So often in astronomy, an object is not considered for its individual merits, but for what we may learn from its properties regarding some larger population. The existence of dark matter is a prime example of this; we cannot see it directly but we can infer its presence by noting its effects on the stars orbiting within its potential. This thesis describes how various sets of tracer populations can be used to probe the properties of a variety of galaxies in the Local Group.

I begin by describing the extraction of a variable catalogue from the Sloan Digital Sky Survey Stripe 82 dataset and then use the catalogue to select a high-quality set of RR Lyrae stars. Analysing the distribution of the RR Lyraes reveals three significant substructures in the Milky Way halo: the Hercules-Aquila Cloud and the Sagittarius Stream, which were already known to exist, and the Pisces Overdensity, which was previously undetected. It is a faint, extended structure found at ~80 kpc and is of unknown origin. Altogether, I find that nearly 80% of the RR Lyraes are associated with substructures, consistent with the theory that galaxy halos are predominantly, or even entirely, made up from disrupted satellites. I also investigate the density distribution of RR Lyraes in the halo, finding that it is best fit by a broken-power-law model, in good agreement with previous work.

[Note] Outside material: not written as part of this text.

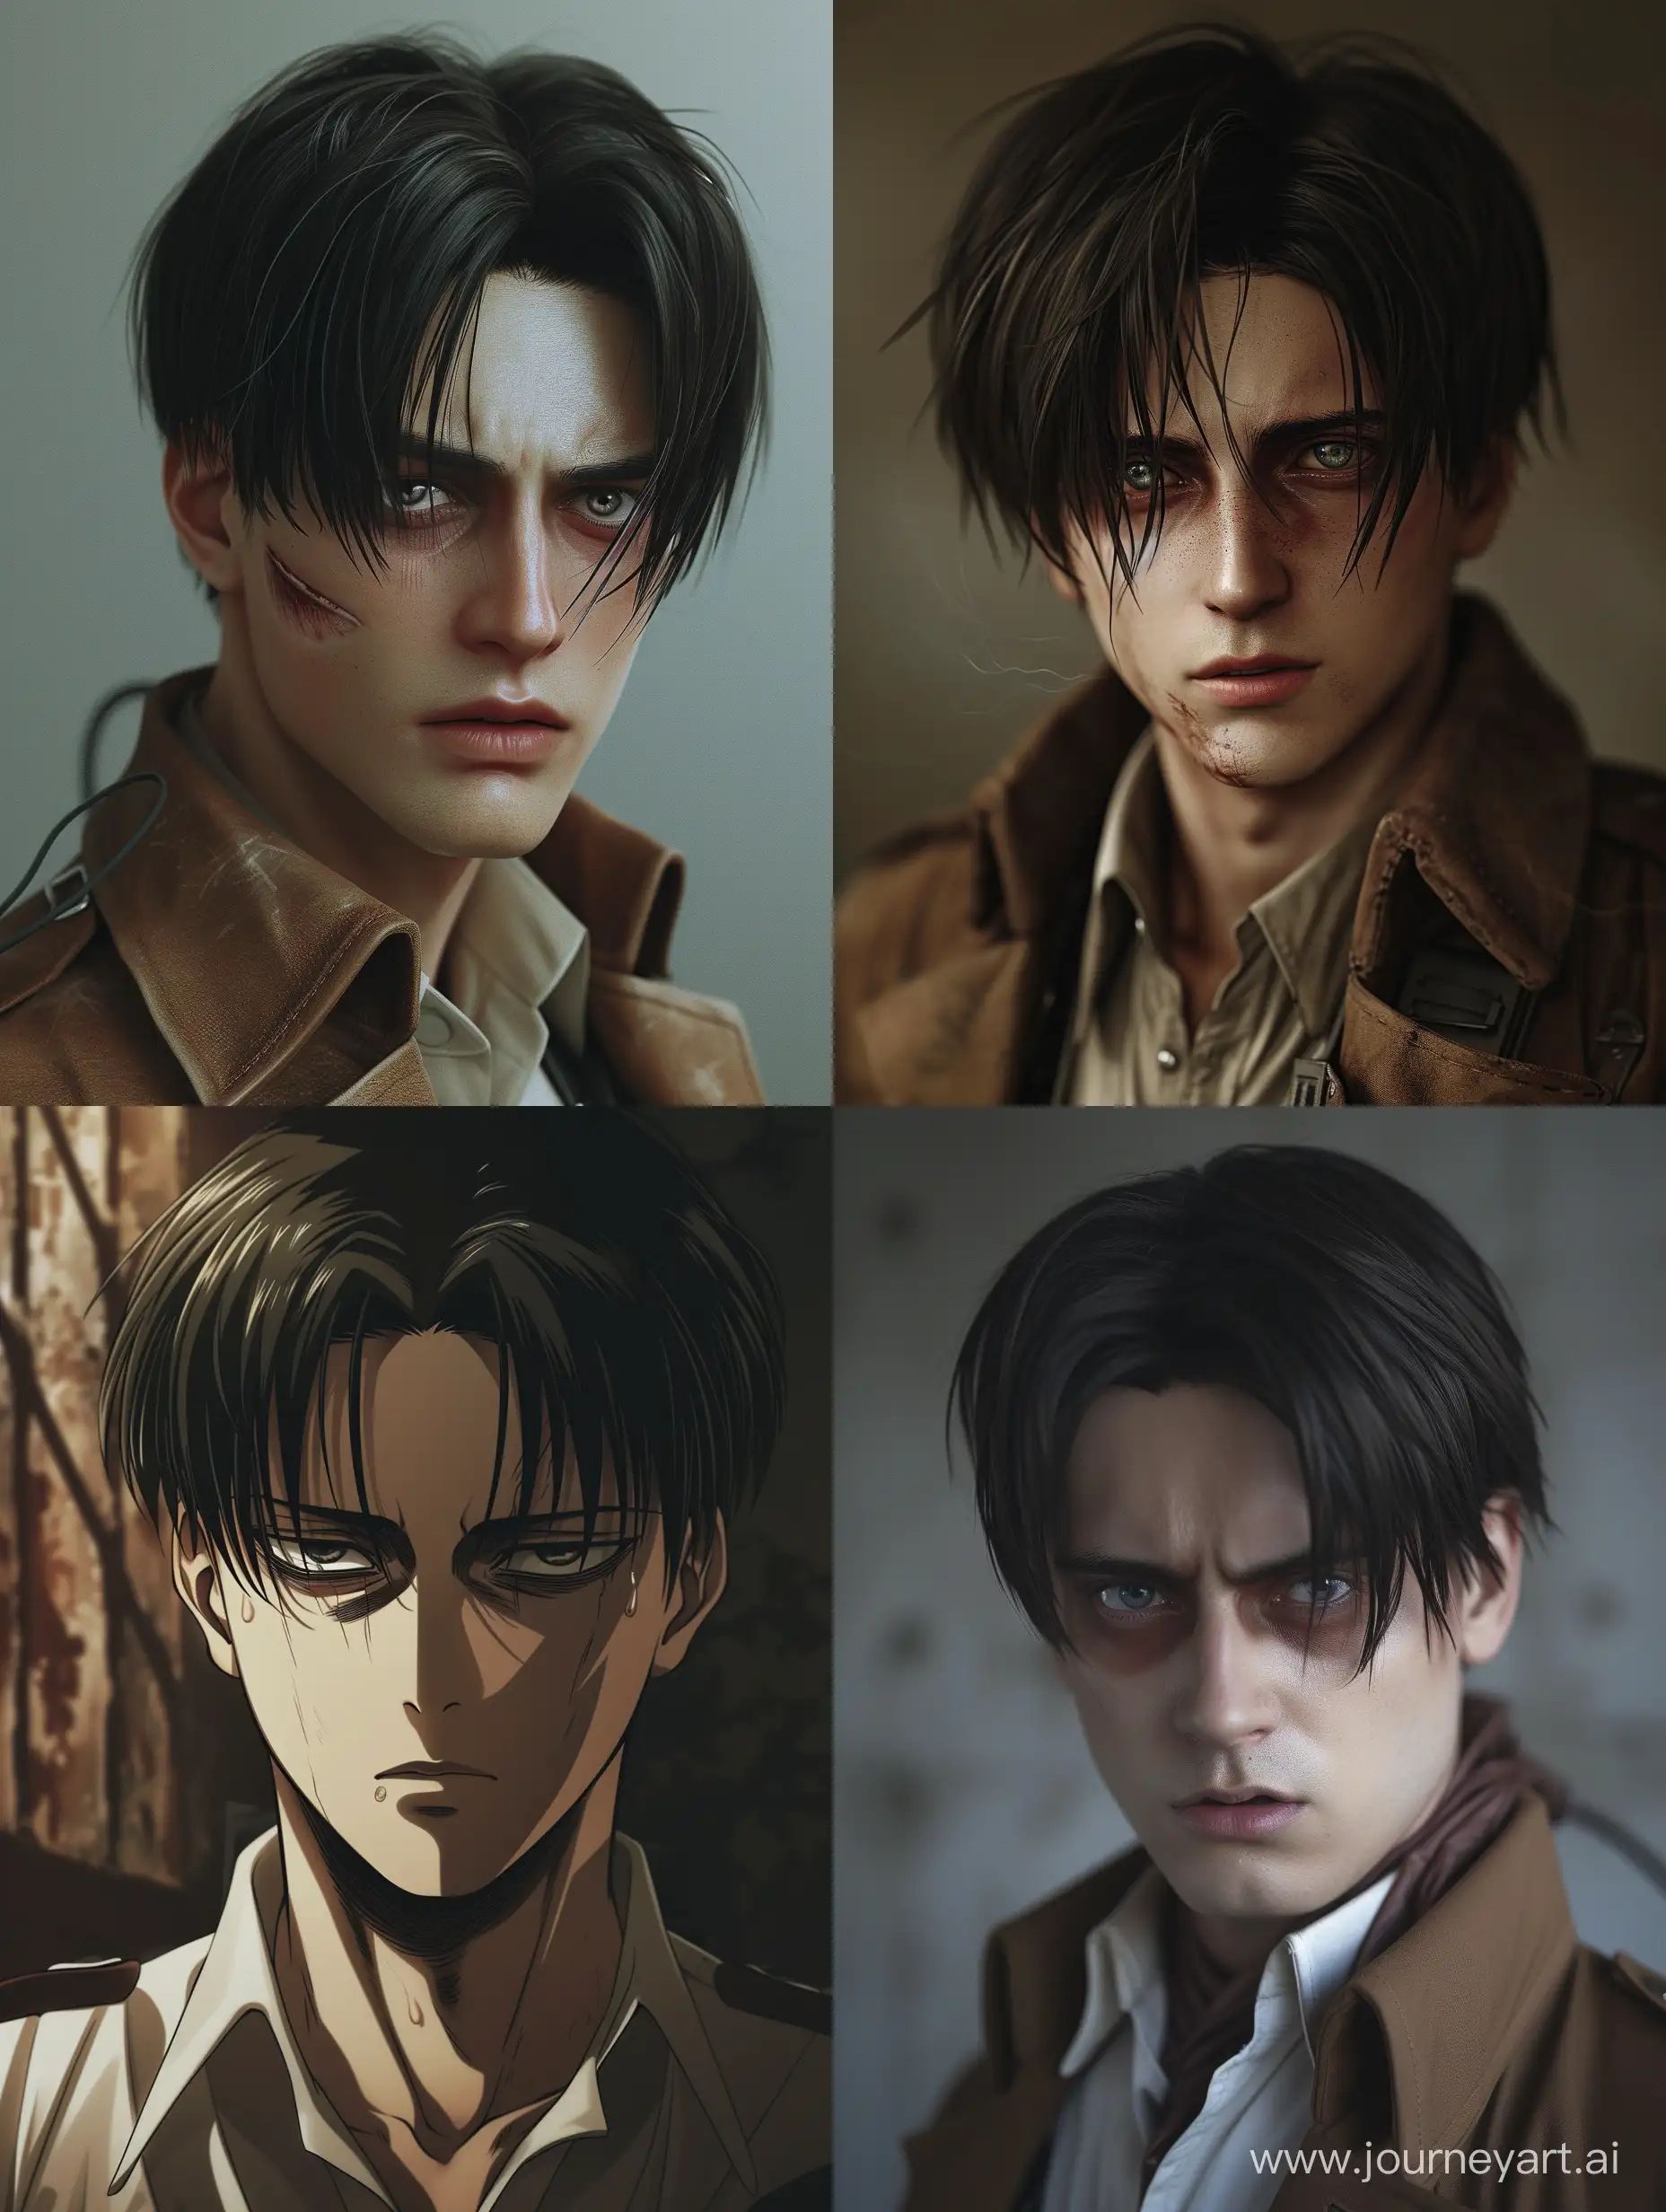 Photographic Levi Ackerman from Attack on Titan, in his 30s, with normal dark circles, slight mocking smirk, narrow bored eyes with prominent whites

I go on to develop a set of tracer mass estimators that build on previous work which make use of actual (and not projected) distance and proper motion data, reflecting the amount and quality of data now available to us. I show that proper motion data is, in theory, very useful and can greatly increase the accuracy of the mass estimates; in practice, however, current analysis is hampered by the large errors inherent in the proper motion data. The results are also subject to mass-anisotropy degeneracy, which current data is not yet able to break. Nevertheless, I am able to estimate the mass of the Milky Way to be M = 2.7 +/- 0.5 x 10^12 Msun and the mass of M31 to be M = 1.5 +/- 0.4 x 10^12 Msun.

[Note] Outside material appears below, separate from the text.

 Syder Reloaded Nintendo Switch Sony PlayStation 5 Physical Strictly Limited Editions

Andromeda XII and Andromeda XIV are two M31 satellites that have been dubbed "extreme" and are thought to be on first infall into the M31 system. I modify the classical Timing Argument so that it can be applied to two external galaxies and then apply it to M31 and each of And XII and And XIV in turn to investigate the properties of their orbits. I then run a series of Monte Carlo simulations to investigate how likely such satellites are to exist and conclude that they are not as unusual as previously believed.

Finally, I discuss three upcoming wide-field, all-sky surveys and their implications for the future of the study of the Local Group.